- WHAT NEEDS TO BE DONE -
Without changing a word, repeat the data, and include no pictures.

- INFORMATION SHOWN -
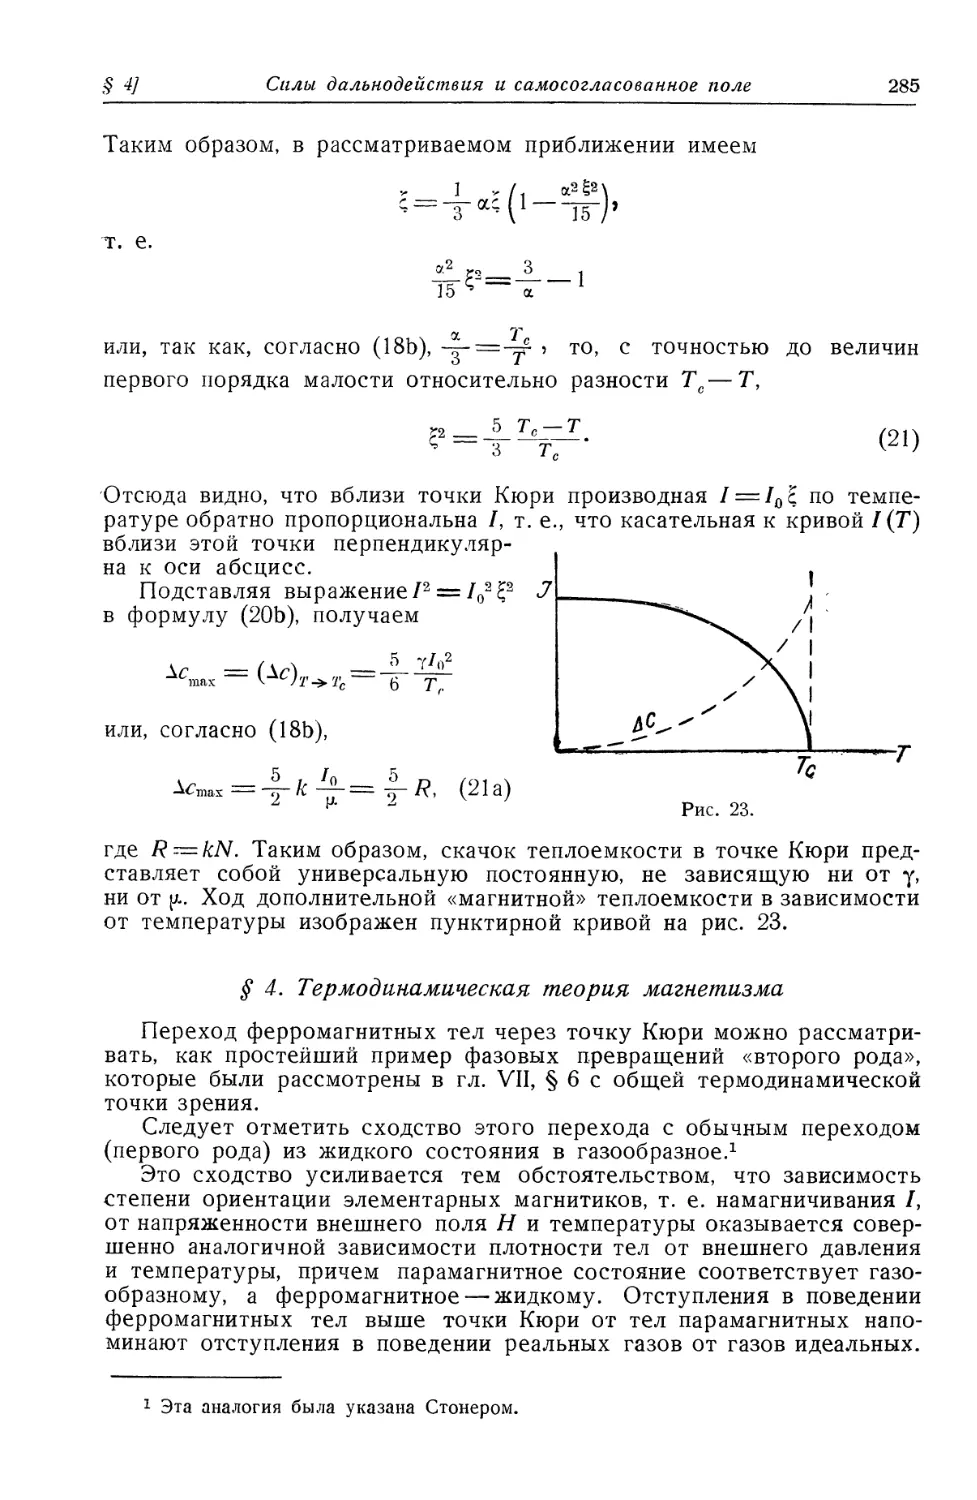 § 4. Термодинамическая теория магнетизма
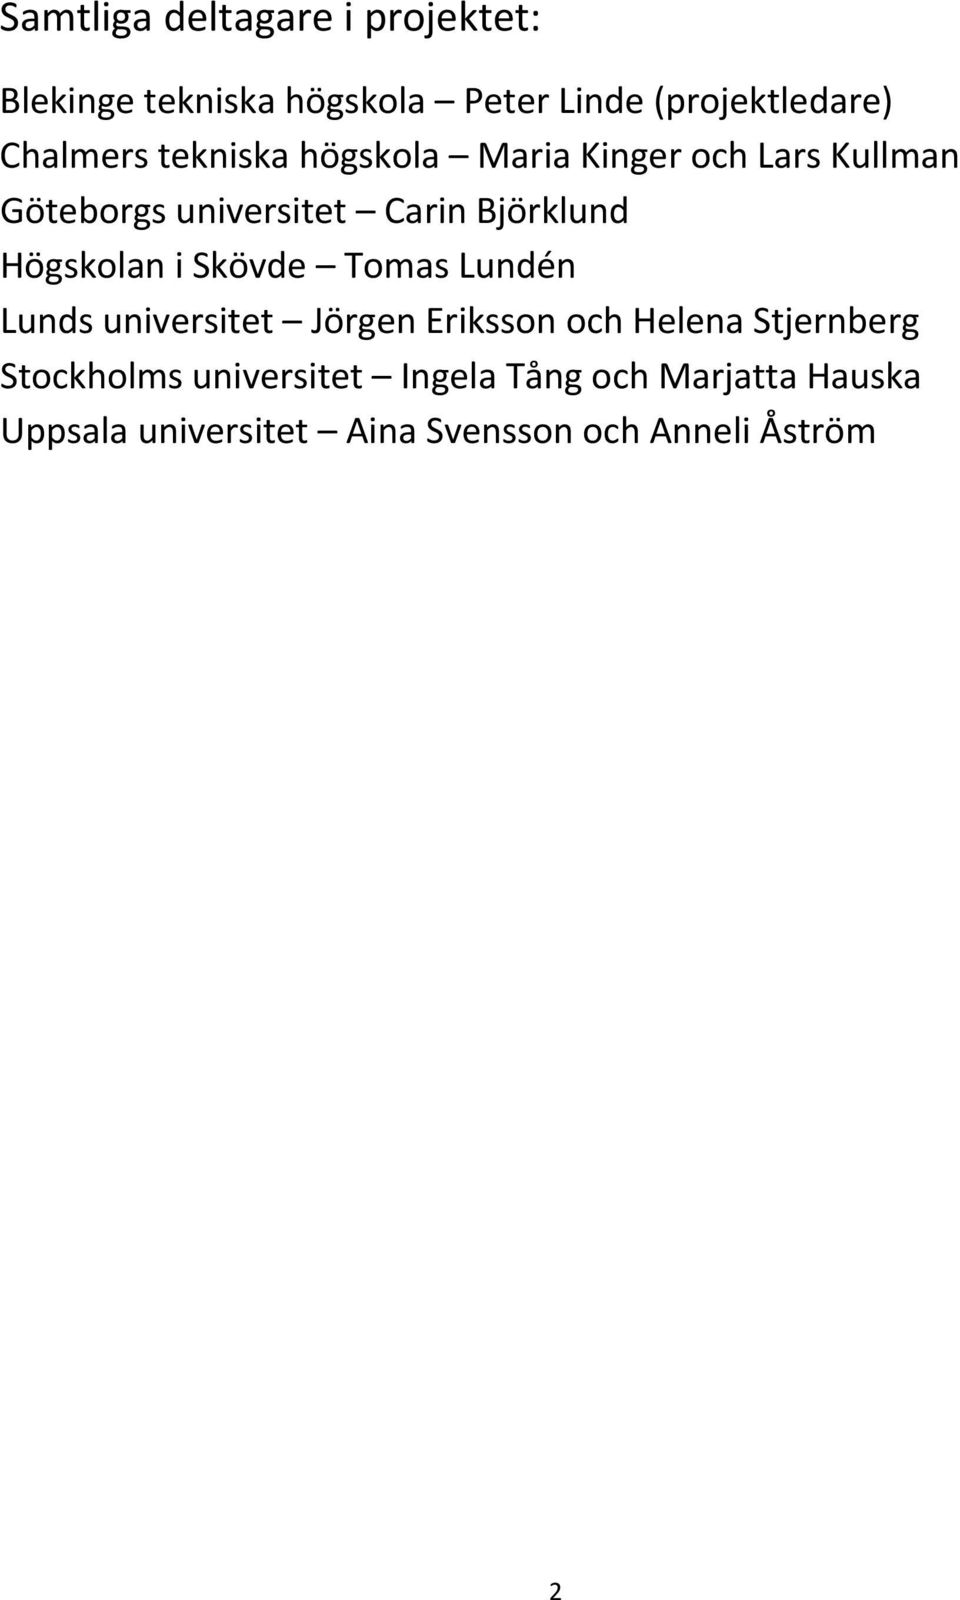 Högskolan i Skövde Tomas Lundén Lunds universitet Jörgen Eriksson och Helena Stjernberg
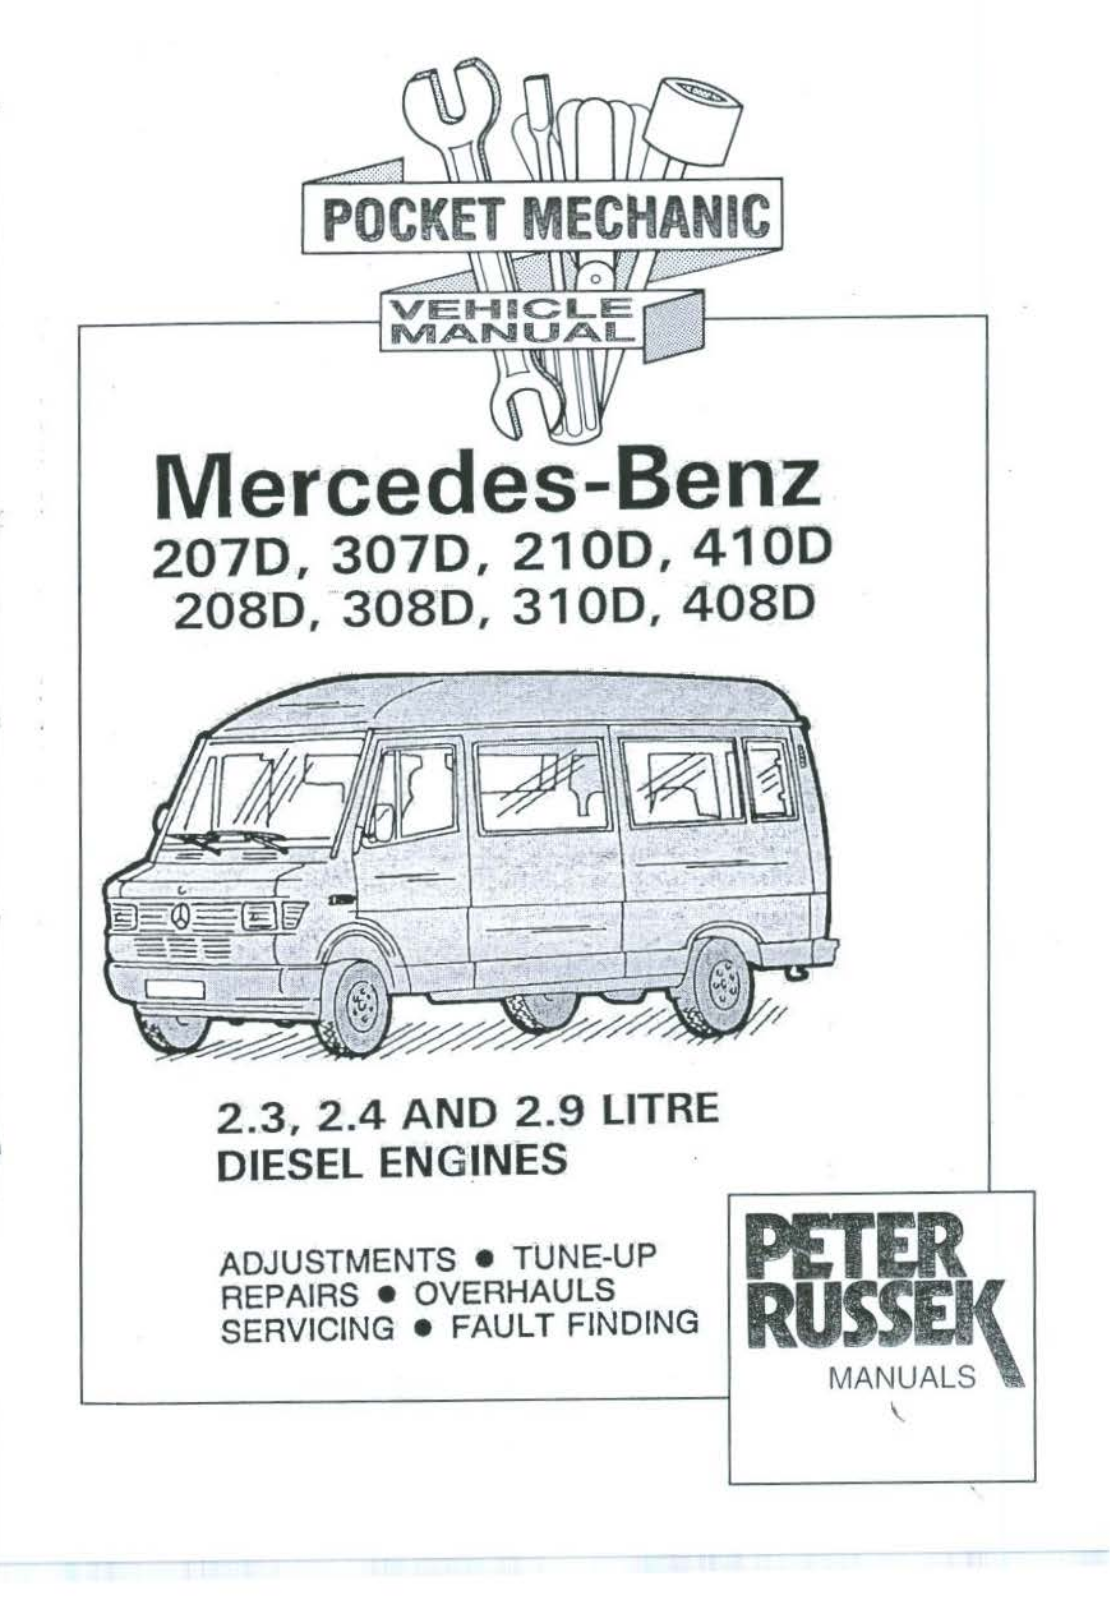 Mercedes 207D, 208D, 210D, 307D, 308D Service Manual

- WORKED SOLUTION -
 § 4. Термодинамическая теория магнетизма
 Högskolan i Skövde Tomas Lundén Lunds universitet Jörgen Eriksson och Helena Stjernberg
 Mercedes 207D, 208D, 210D, 307D, 308D Service Manual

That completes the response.